How Do You Get Traffic From Image Searches

The key to getting traffic from people searching for images on Google's image searches is to get an image on your site to display on the first page whenever someone searches for a search term that you are targeting or that is relevant to your website.

So how do you do that?

  • First, name your image for what it is. If your image is a photograph of an apple, then call the file apple.jpg or even apple-apple.jpg. Google images looks for clues for what the image is in the name of the file as well as the text that surrounds it, because the search engine cannot actually see or interpret the image itself. You can have a photograph of an apple but call it iceberg, but that image is unlikely to show up when someone searches for "apple". It might however show up, rather incongruously, when someone searches for "iceberg"
  • Second, use the "Alt" tag within your HTML code to describe what your image is. How you describe it will affect how the search engine displays it in the results. So if your Alt tag reads "apple" your image will be cataloged and displayed will all kinds of apples: red apples, green apples, apple logos etc. Since this is a broad term, you will have lots of competition and so your image may be lost in the shuffle. However, broader terms tend to get more traffic so this may balance out. To rank higher, you have to target your image better. For example, if your image is of a red apple, you may wish to write "red apple" in the ALT tag. This means that your image will show up when someone searches for "red apple" but not when they search for "green apple". Here are a couple of sites that describe how to use the "ALT" tag: and
  • Surround the image with relevant text. If you have a picture of an Amish buggy, it should be surrounded by text pertaining to Amish horse buggies if you want the image to rank high when someone searches for associated terms
  • Have lots of images on your site, each optimized for the search engine as described above. This is because you want to have multiple points of entry to your site (each image that is displayed in Google's image search is a potential gateway to your website) and also because ranking well on Google is always a bit of a lottery.
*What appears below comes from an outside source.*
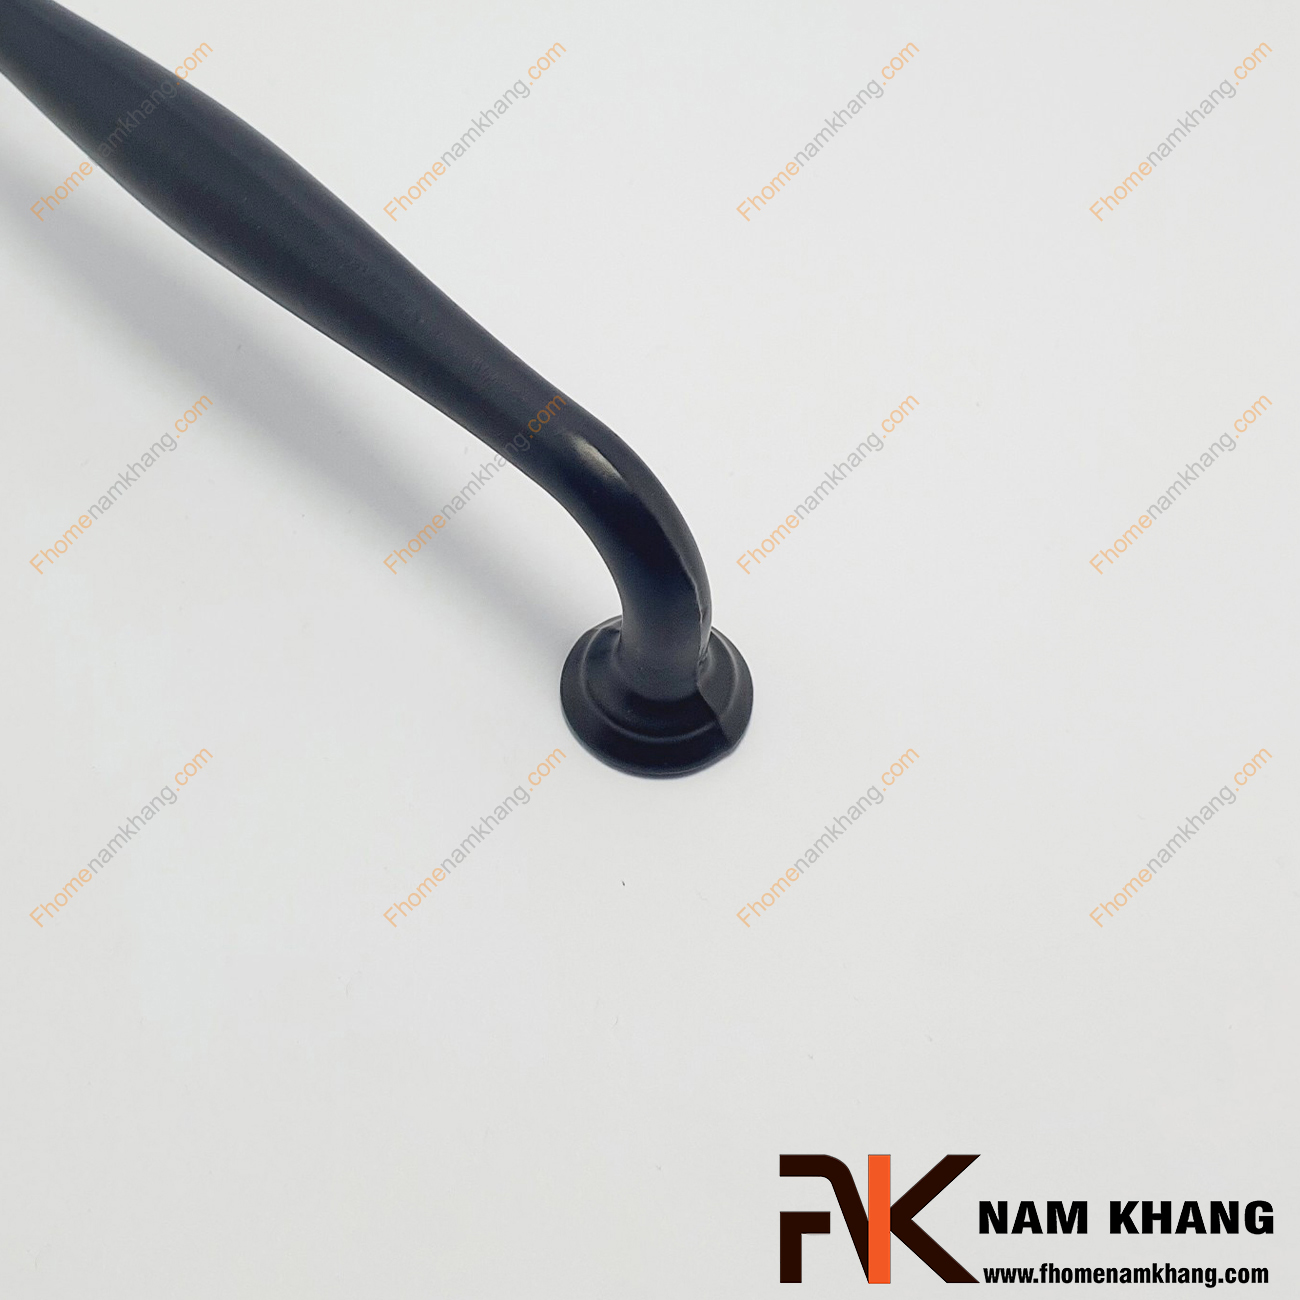 Tay nắm cửa tủ dạng trơn màu đen NK403L-D  có thiết kế đơn giản với phần thân tròn và dạng tròn ở hai đầu của tay nắm. 
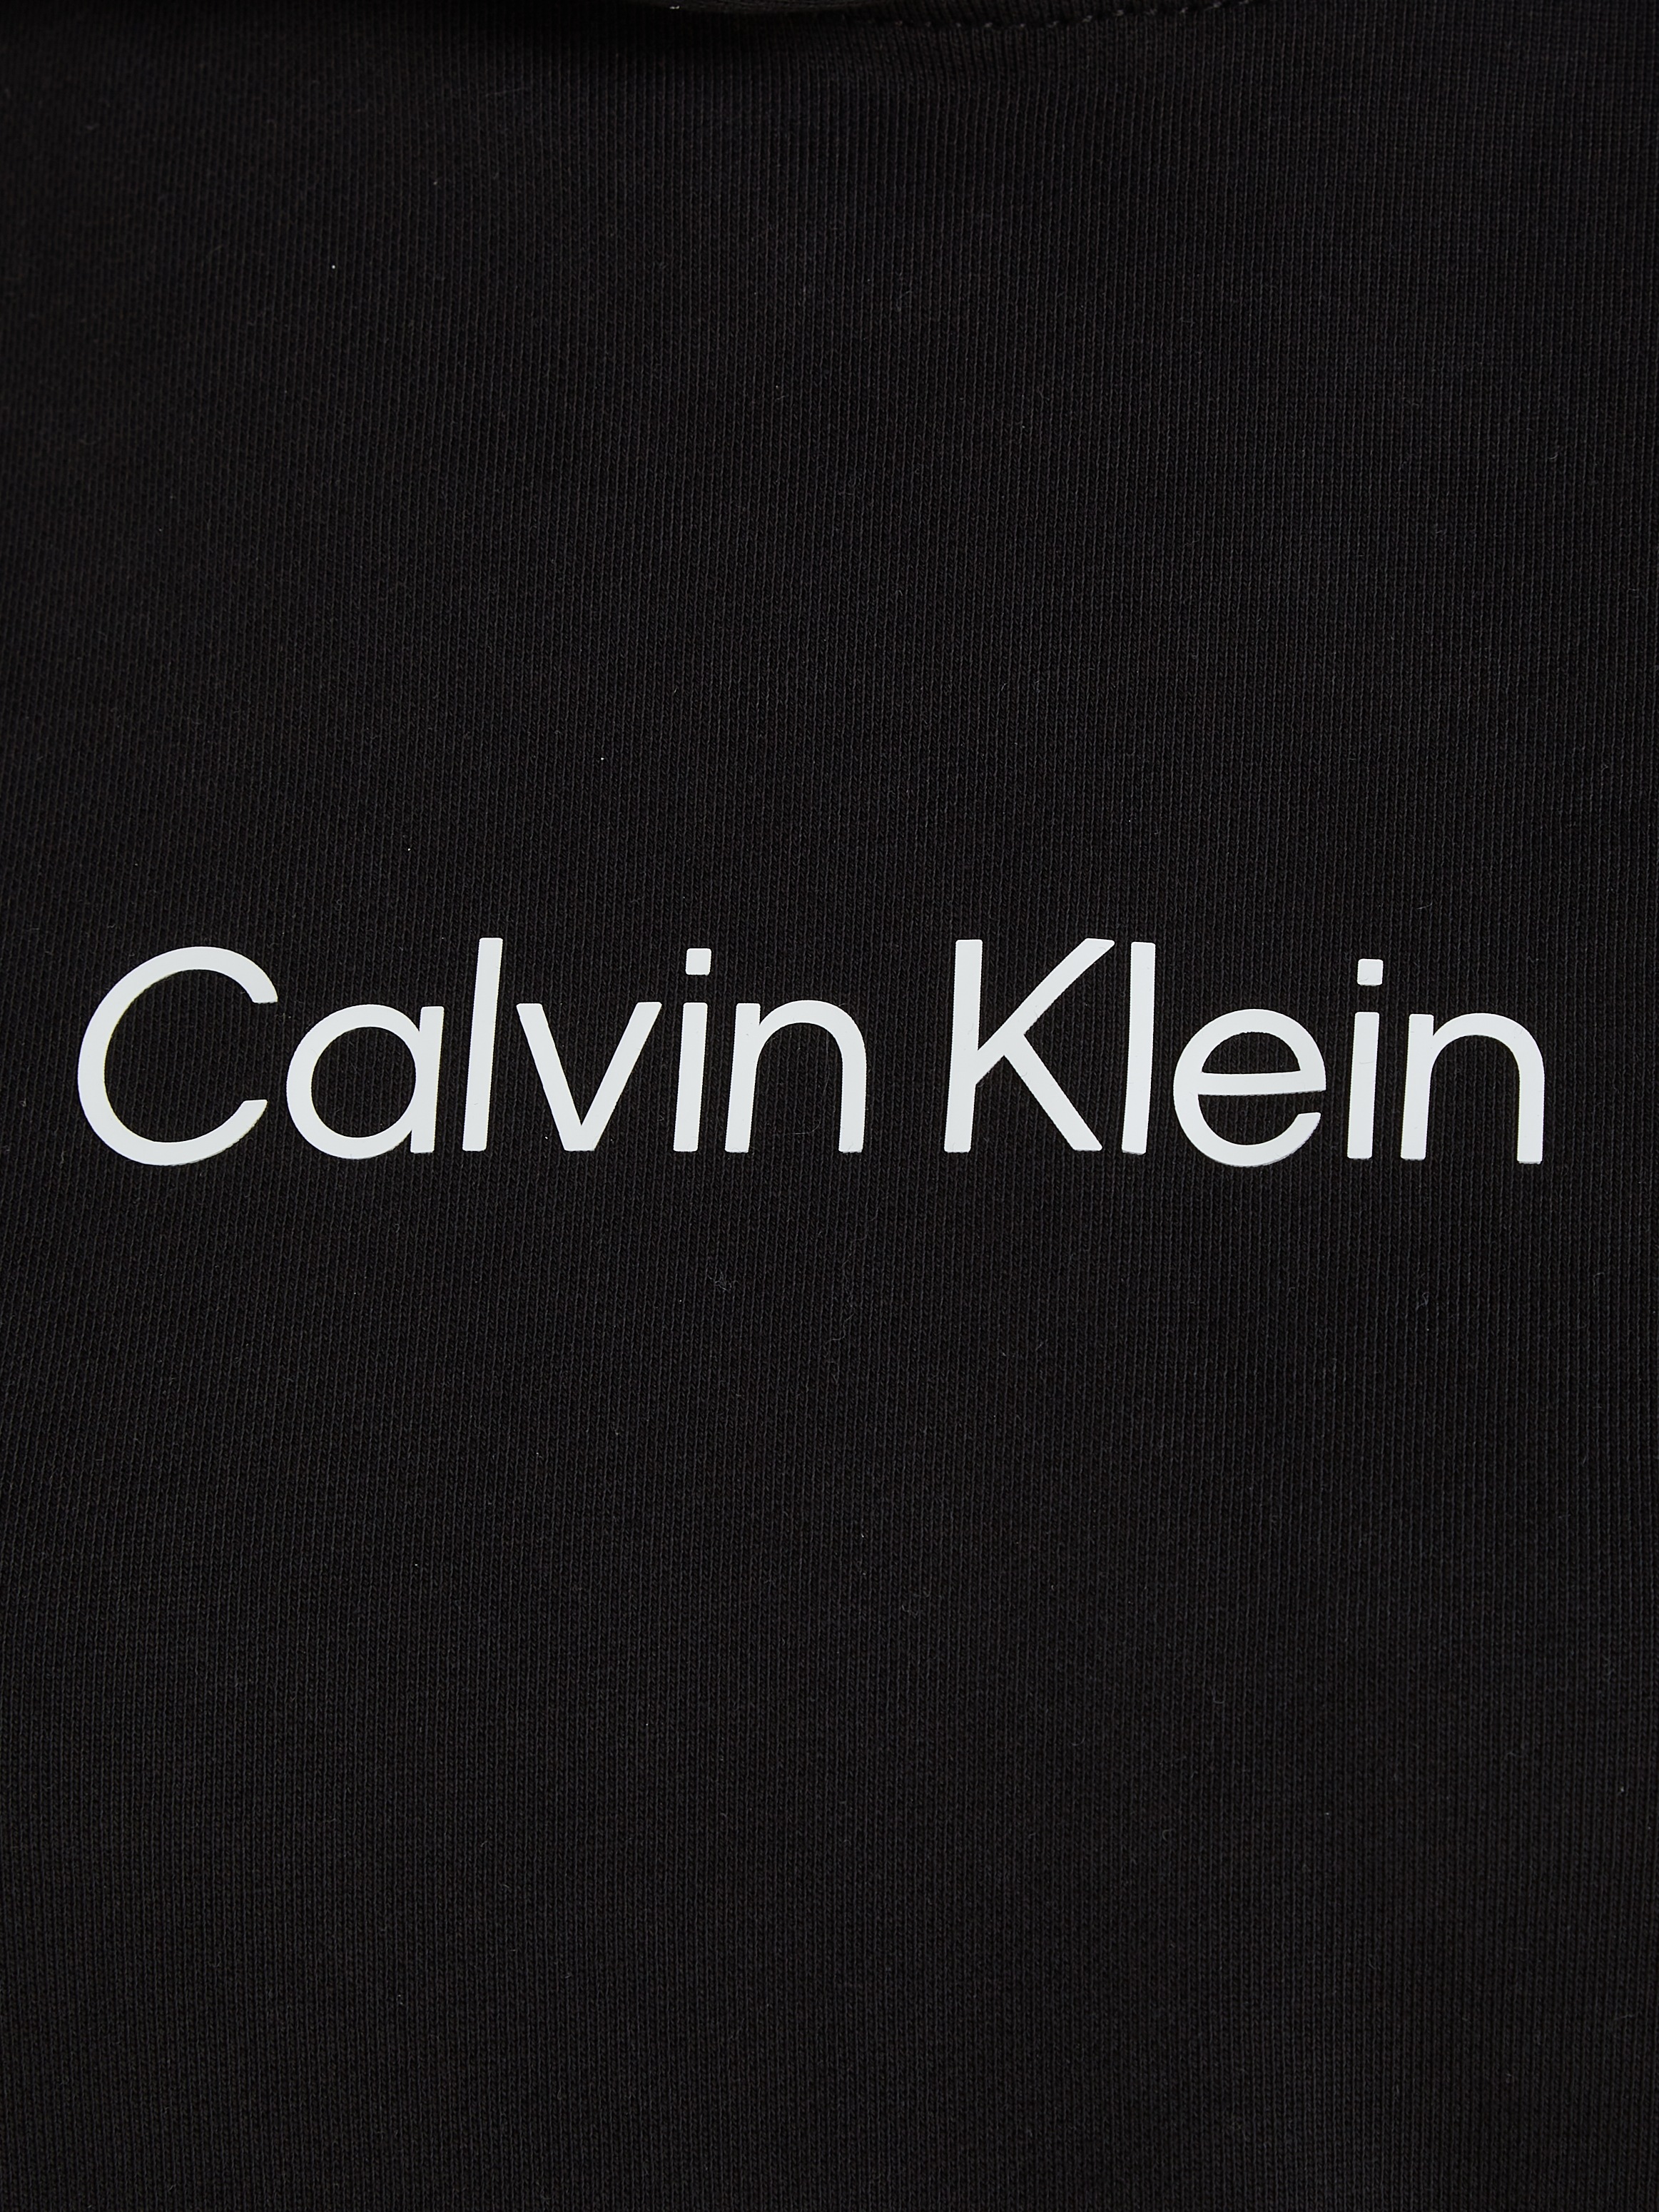 Calvin Klein Kapuzensweatshirt »HERO LOGO HOODY«, mit Calvin Klein Logo auf der Brust

You never know which image will be a hit, no matter how carefully you optimize that image. In other words don't put all your eggs in one basket.
  • High quality, high resolution photographs rank better in Google images
  • Google images will assign more importance, and therefore your image is more likely to show up in their results, to larger images
  • Google will also notice images that are near the top of the page, more than something that appears at the very bottom

Don't Do This:

As important as it is to use proactive SEO techniques to make sure that your images rank well in the search results, it is also important to avoid these following mistakes that can result in your site being penalized in the search results:

  • Do not spam. For example, do not name or label your photo or image something that it is not. For example, do not take a picture of a rock and name it Kim Kardashian, in the hopes of getting a piece of the massive search traffic for her name. Google can tell that it isn't her and that the description does not match the image.
  • Do not violate copyright, Just because a picture is on the internet does not mean that you can use it. If you add it to your site without permission you can get into a lot of legal trouble and in any event Google will detect your duplicate content and penalize you in its rankings
  • Do not add text or watermarks to an image. Although it is tempting to add some proof of ownership to your images so no one else can use them, doing so is deprecated by Google and will hurt you in terms of traffic.